One of several drops along the high terrain section of FS-431
We found FS-431. It was little more than a doubletrack rutted "cow" path. And still being above 2500ft, there was plenty of snow and ice around too. We'd have to average about 10mph on this 10 mile connector to get back to car before sunset. I recalled from the profile that there was "fuzz" along this part of the route. Normally, these sharp spikes aren't real in Topo 7.0. But dang if they weren't real this time. We must have went up and down about five times, rising and falling more than 100ft each time on bony doubletrack. Much of the descending was washed out rock garden, something heinous to tackle on a 'cross bike with 80psi tires. Then throw liberal coating of leaves and snow over the rocks for good measure. Flatting out here with no daylight margin was not an option. Neither was poking along. I think we averaged about 7mph for the next 10 miles. We lost all the vertical in just the last couple miles.
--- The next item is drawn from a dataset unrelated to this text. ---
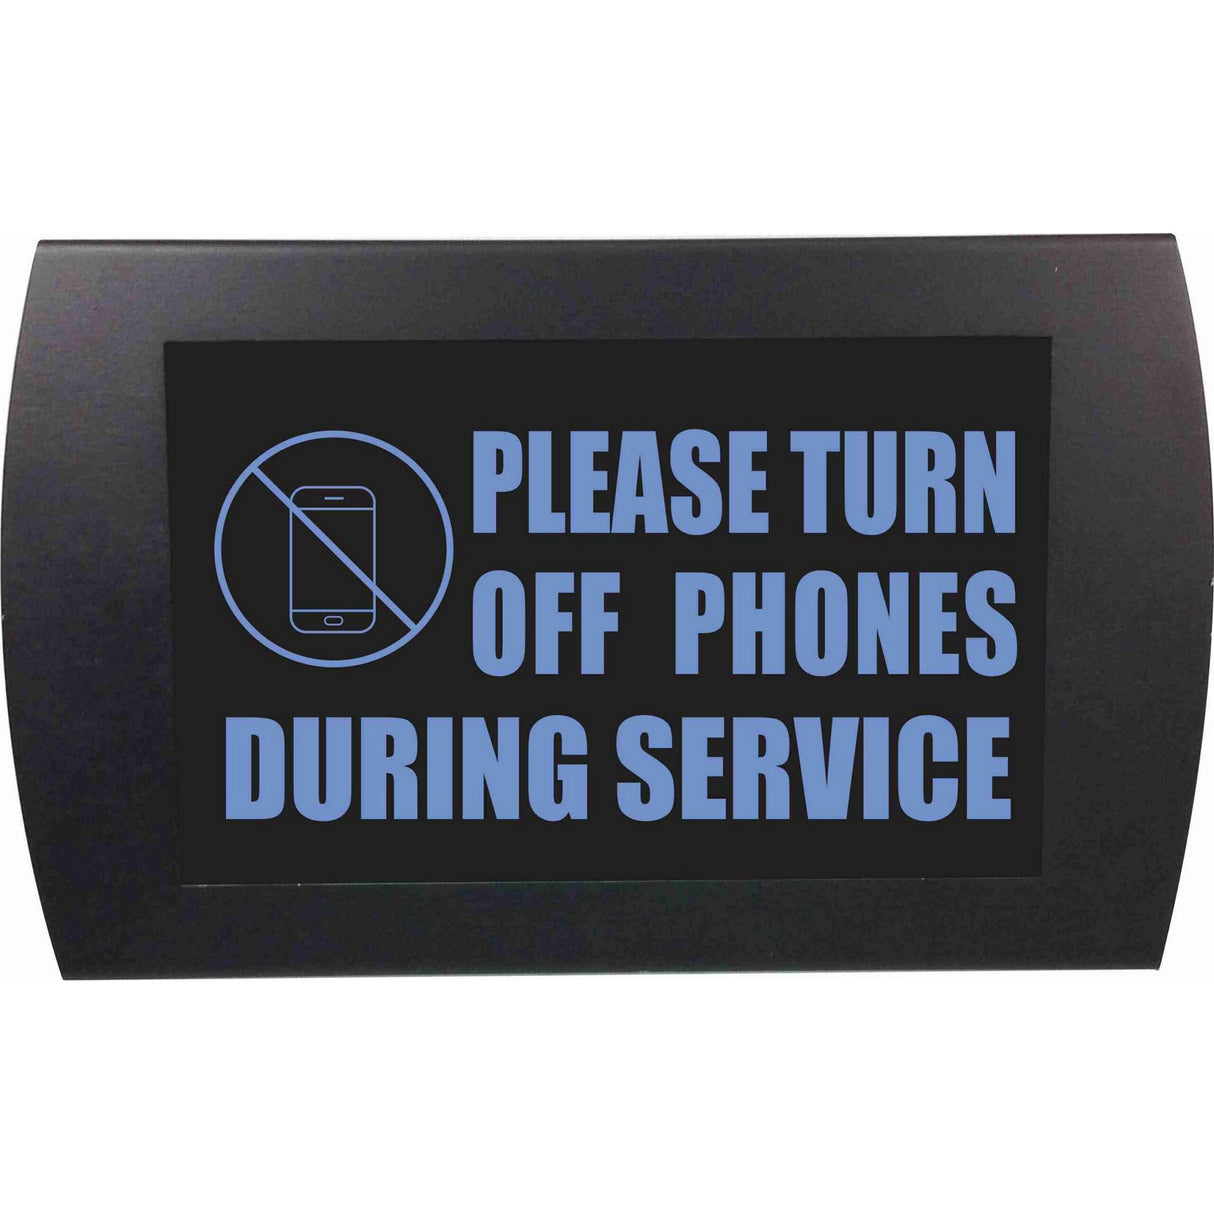 American Recorder OAS-2020M-BL "TURN OF PHONES DURING SERVICE" LED Lighted Sign, Blue

It alternated between rock garden, loose sand, snow, deep leaves, and many, many large water bars. You could never tell how deep some of the water bars were, as they were filled with leaves or mud. Dave whooped it up once we hit a real gravel road at the bottom. FS-431 was supposed to be the highlight of the ride. Don't think Dave saw it that way. It was barely CX bikeable. You'd even have to be careful on a full suspension MTB to avoid pinch flatting.
Once we hit pavement below Stratton, it was 10 miles back to the car. The temperature was plummetting fast, probably back down around the freezing mark. There were two modest 200ft climbs along the way. Dave lit it up on the steep 12% bitch. I nearly died trying to stay with him. He said it was payback for FS-431. The sun set before we got back to our car and cars had their headlights on. That is how close we cut it. The thought of having to spoon with Penney in the wilderness to survive the night was a strong motivator to not mess up. The GPS could have died. It was the only thing keeping us off the many spur two-tracks. FS-431 is gated, so it was cluttered with plenty of tree debris. A sheered derailleur would have meant trying to find our way out of the woods in darkness too.
I find the most satisfying rides are ones that you barely finish, either by physical limits or length of day. I've had closer calls with night fall, especially one time riding solo in California. Our ride went 76.7 miles with a 5.3hr riding time, climbing 6740ft. About half of the route was on dirt, and way more than half the time was spent on dirt. This is the longest dirt ride I've done with my CX bike, and a punishing ride it was. Dave and I both agreed the Mt Tabor climb and descent totally rocked. We'll definitely be back to do this loop again, although I may have to rethink the FS-431 part. I have some even more grand loops in mind for next year.